Dion Theodoridis and Tommaso Caselli
Online interaction can be pleasant, however, it has a downside: the presence of socially unacceptable language. Given the current amount of data that is produced, automatic solutions to support social platforms to ensure a safe and inclusive environment are required (Nobata, 2016; Vidgen et al., 2019). In this contribution we focus on a specific phenomenon, offensive language, in Dutch tweets directed at Dutch politicians. In particular, we investigated the benefit of applying transfer learning to boost the development of a newly annotated dataset and models on a new language.
Our starting point is a multilingual Twitter dataset, the Political Speech Project (PSP; Brockling et al., 2018). PSP contains messages from Twitter and Facebook directed at 320 politicians in 4 countries collected between February and March in 2018. Out of the 37,723 messages, only 809 are annotated as offensive. In a set of preliminary experiments on the PSP dataset, we found that by upsampling the offensive messages and resting balanced distribution between the offensive and not-offensive messages, we obtained the best macro F1 score (0.774) using mBERT (Pires et al., 2019).
We then applied this model to a collection of 992,192 tweets in Ducth from March 2021, containing at least one mention of a Ducth politician. To evaluate the performance of the PSP-trained model on Ducth, we manually corrected 1,500 messages (test set). The remainder of the data automatically annotated (silver data) has been used to develop new language specific models.

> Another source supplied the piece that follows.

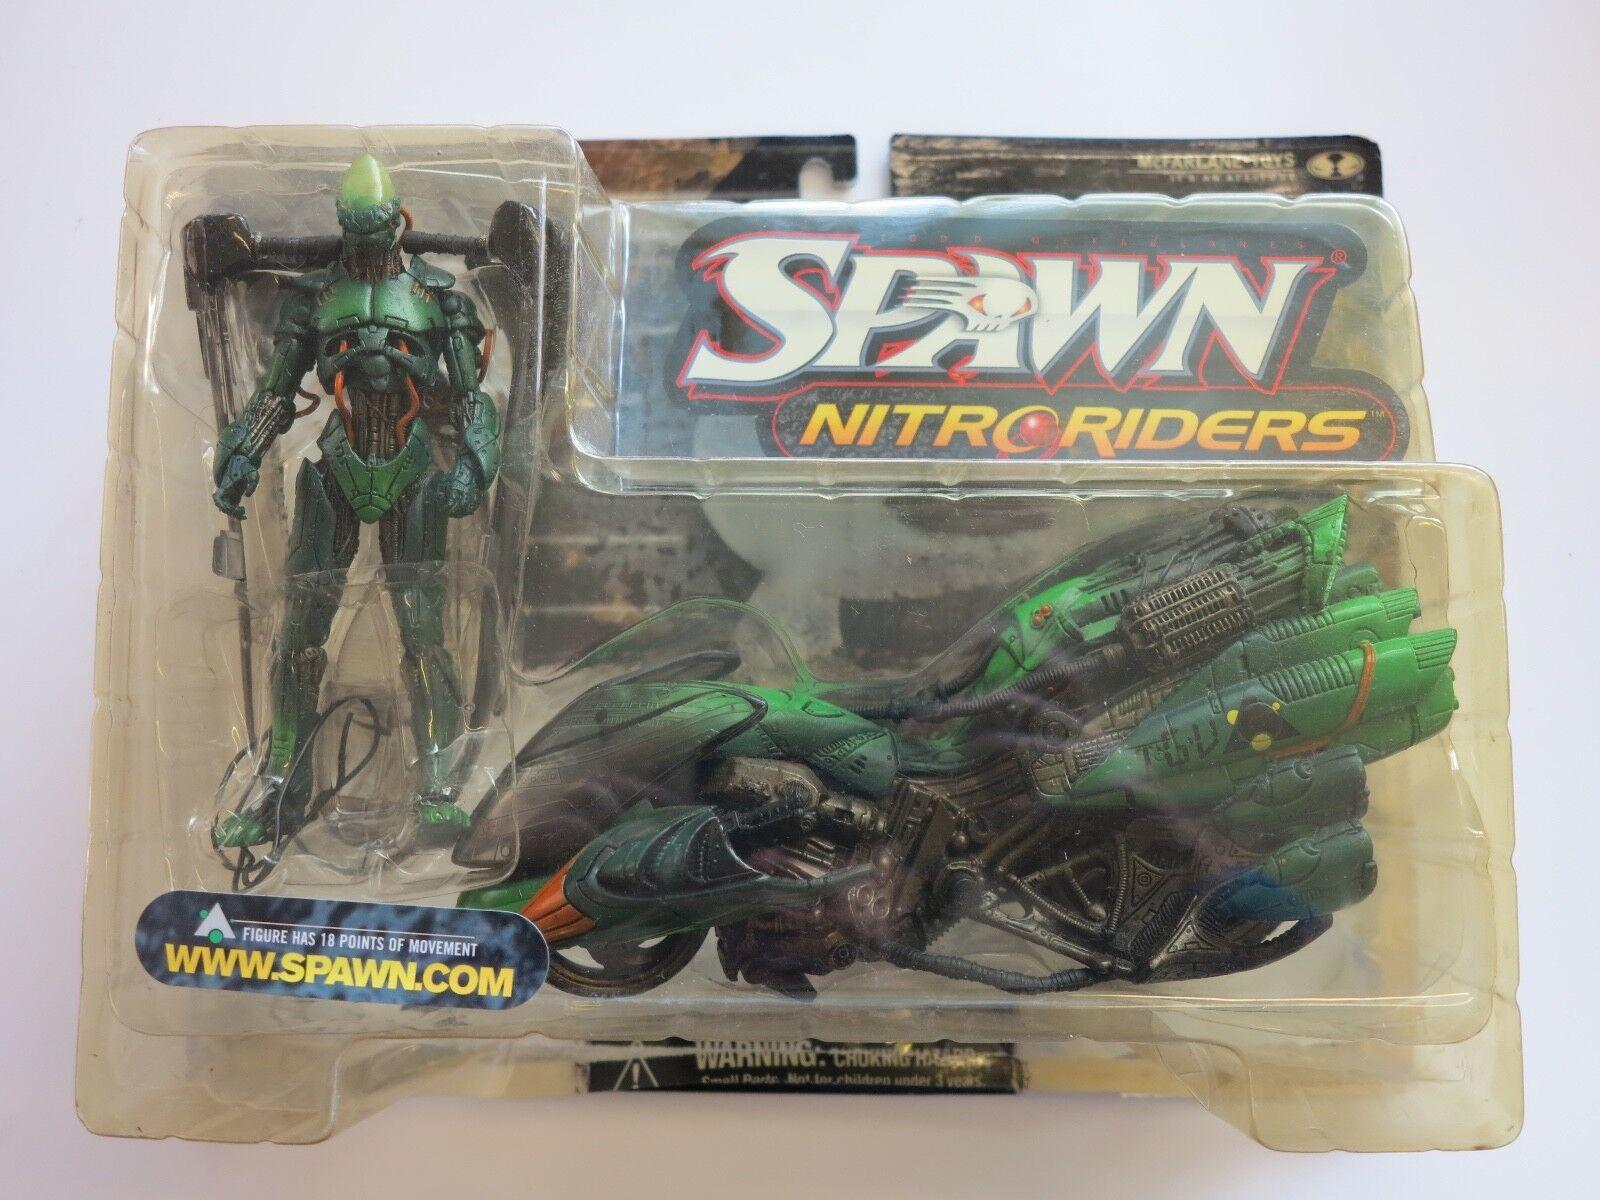 Rare 1999 SPAWN Nitro Riders figure set green vapor

Using the silver data, we extensively tried different training settings, in particular: i) concatenate Dutch silver data to the PSP data; ii) continue to fine-tune the PSP trained model with Dutch silver data; and (iii) concatenate Dutch silver and manually annotated data from DALC (Caselli et al., 2021). In the last setting, data comes from Twitter, are annotated for offensiveness but do not specifically target politicians.
When it comes to the evaluation on the test set, we have identified a lower-bound macro F1 of 0.629 by directly applying the PSP trained model (zero-shot setting) and an upper-bound macro F1 of 0.737 when fine-tuning a monolingual pre-trained model (BERTje; de Vries et al. 2019) using the DALC training. When it comes to the contribution of the silver data, in all training settings the results are disappointing. In the first setting, concatenate same amount of silver data as the PSP data, the newly fine-tuned mBERT model reaches a macro F1 of 0.619 (-0.01 when compared to the zero-shot model); when we keep fine tuning the initial PSP trained model, mBERT best results are 0.634, an increase of only 0.005. Finally, concatenate monolingual gold and silver data brings the macro F1 to 0.691, a drop of 0.046 points.
On a different note, we observed that transfer-learning can speed up the manual annotation making it easier to create new datasets for different target phenomena. In our test sample of 1500 messages, the model’s predictions had to be corrected only 498 times (one-third).